The Catholic Church teaches that you can make a holy and good confession to the priest without being sorry for all your venial sins provided you have no mortal sin. He will forgive your serious sins though you do not mention the venial. But this teaching is the mortal sin of heresy for one sin defiles all you do and that is that.

“We are not bound to confess what we know to be only venial sins; but if a penitent has only venial sins to confess, he must be truly sorry for at least one of them, or his Confession would be null and void; and only those venial sins would be forgiven for which he was truly sorry” (page 320, The Student’s Catholic Doctrine).

If you have another sin that you are not sorry for, then you can’t be pardoned for your “attempt” at repentance is a sin and a mockery. You can’t repent of a sin unless you reject it for it is evil but you can’t reject it for that reason in all seriousness if you stand by another evil. Everything you do in attachment to sin is a sin for it is defiled by the sin. The Church says that if you repent all your mortal sins in confession but one the confession is no good for you are attached to evil and pretending to be sorry. But the same could be said of venial sinners. For the Church to say that the good of mortal sinners is really evil and not to say the same of venial sinners is unjust discrimination.

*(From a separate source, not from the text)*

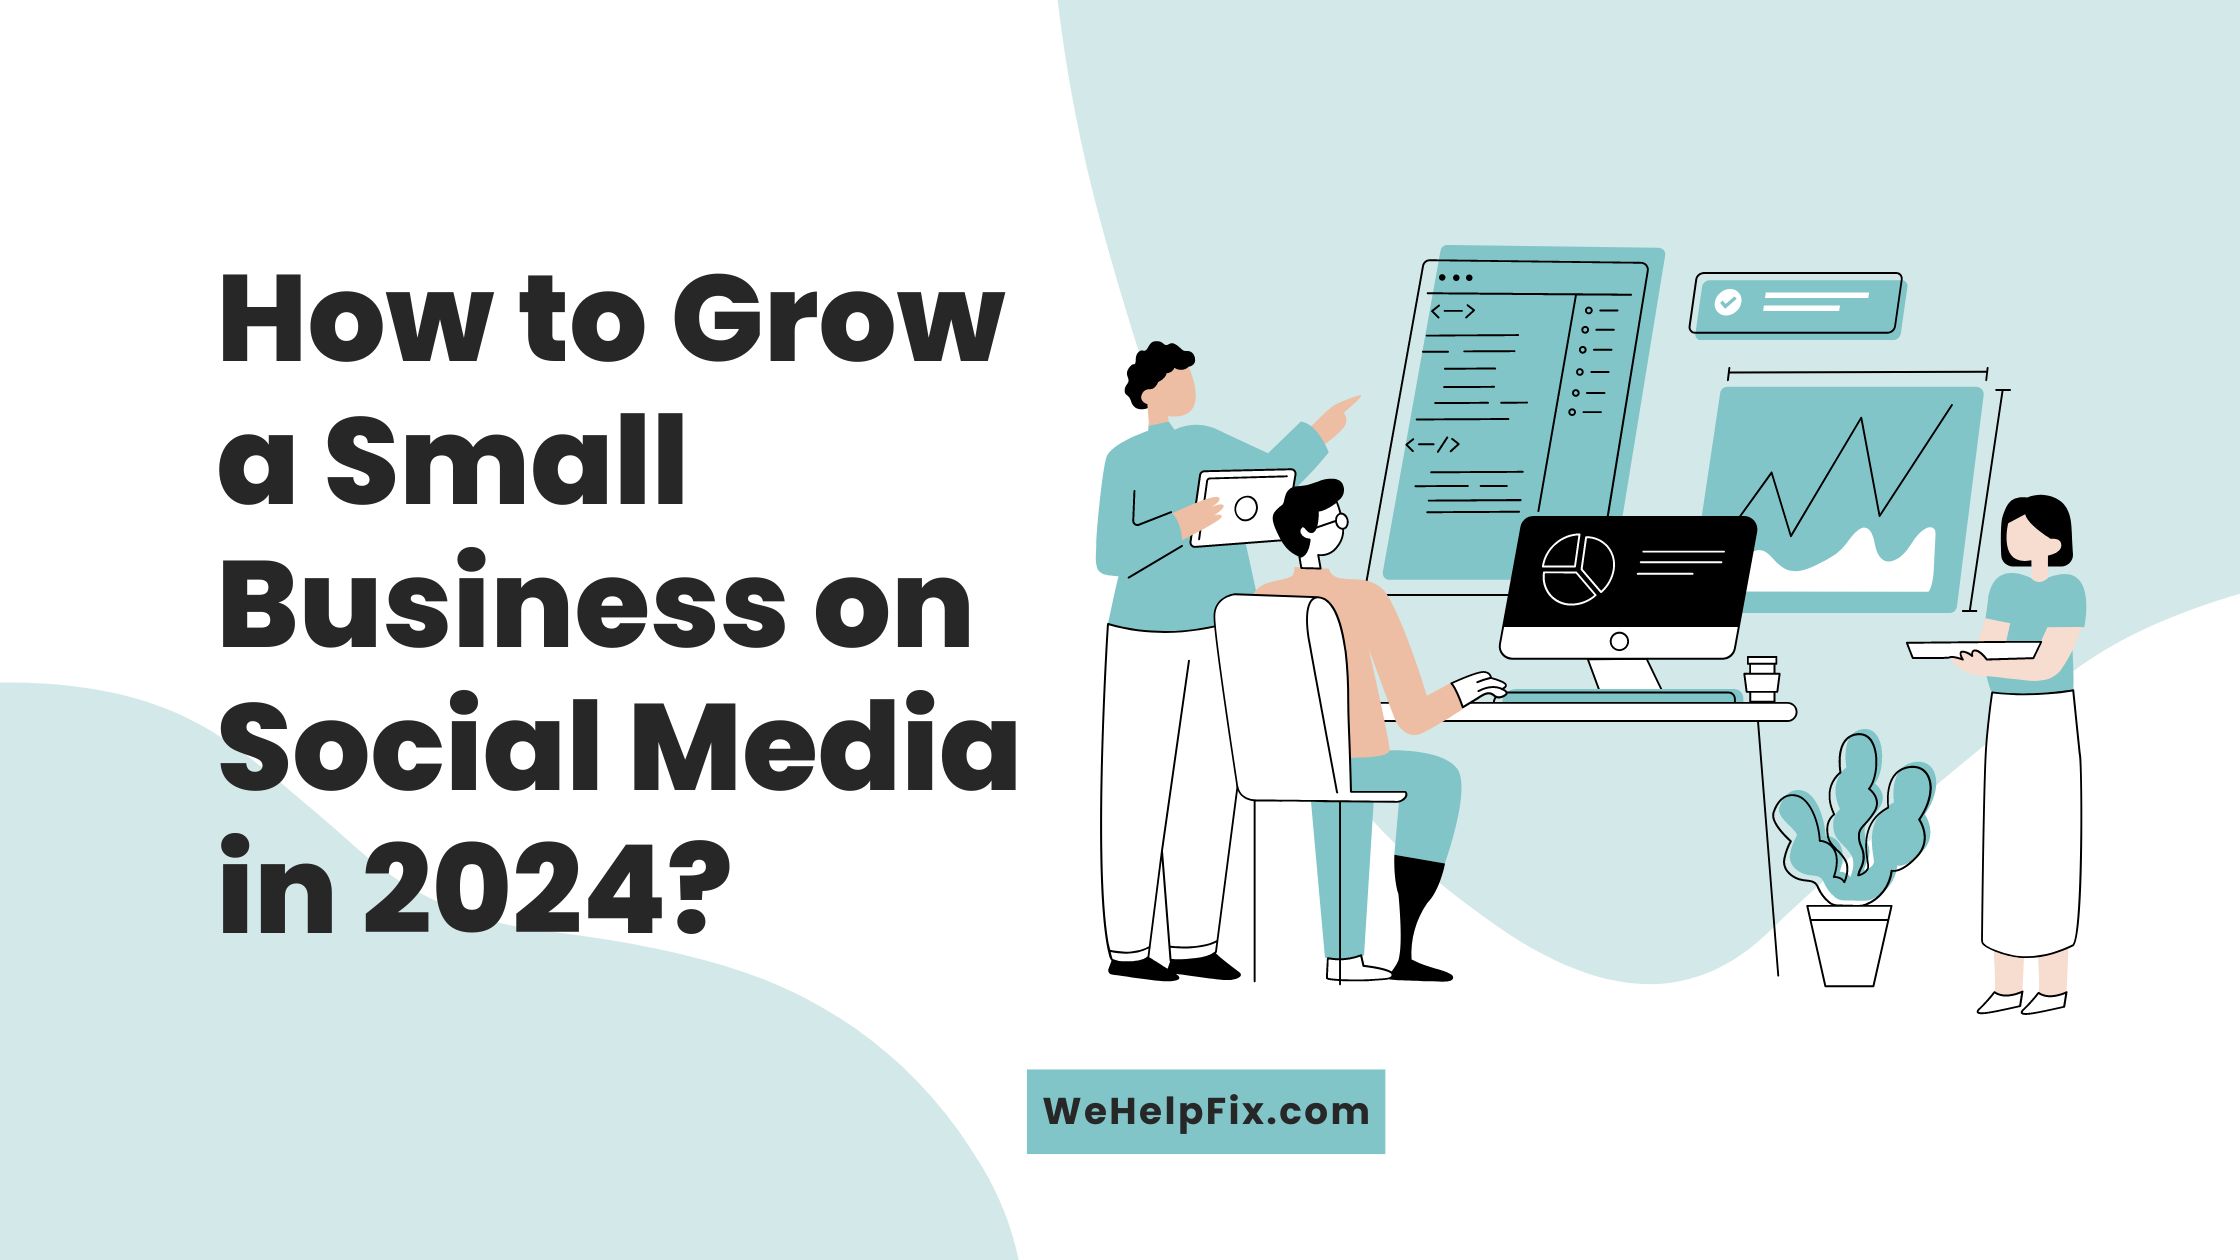 How to Grow a Small Business on Social Media in 2024

A God who delays pardoning venial sins is especially mean. To say confession is the best thing a venial sinner can go to when he could get sins pardoned by doing a good work is a terrible thing. It is saying the offence is more important than the person who was helped.
 
As a religion that believes in different levels of the gravity of sin, Catholicism should teach that it is a far bigger offence to God to refuse to forgive a small sin than a big one. You deserve forgiveness better for a small sin. But it does not. So-called venial sinners are welcomed to communion which forgives any sins they are sorry for. “Just as our bodily food insensibly repairs what we lose by daily wear and tear, so likewise is this Divine food a remedy for the spiritual infirmities of each day. But, it must be remembered, it is a remedy for those venial sins only for which we no longer retain an affection” (page 296, The Student’s Catholic Doctrine). So, God withholds pardon from venial sins in a person who is fit or communion and forgiveness until they receive it. He is more worried about the time they get to the altar than about their dispositions.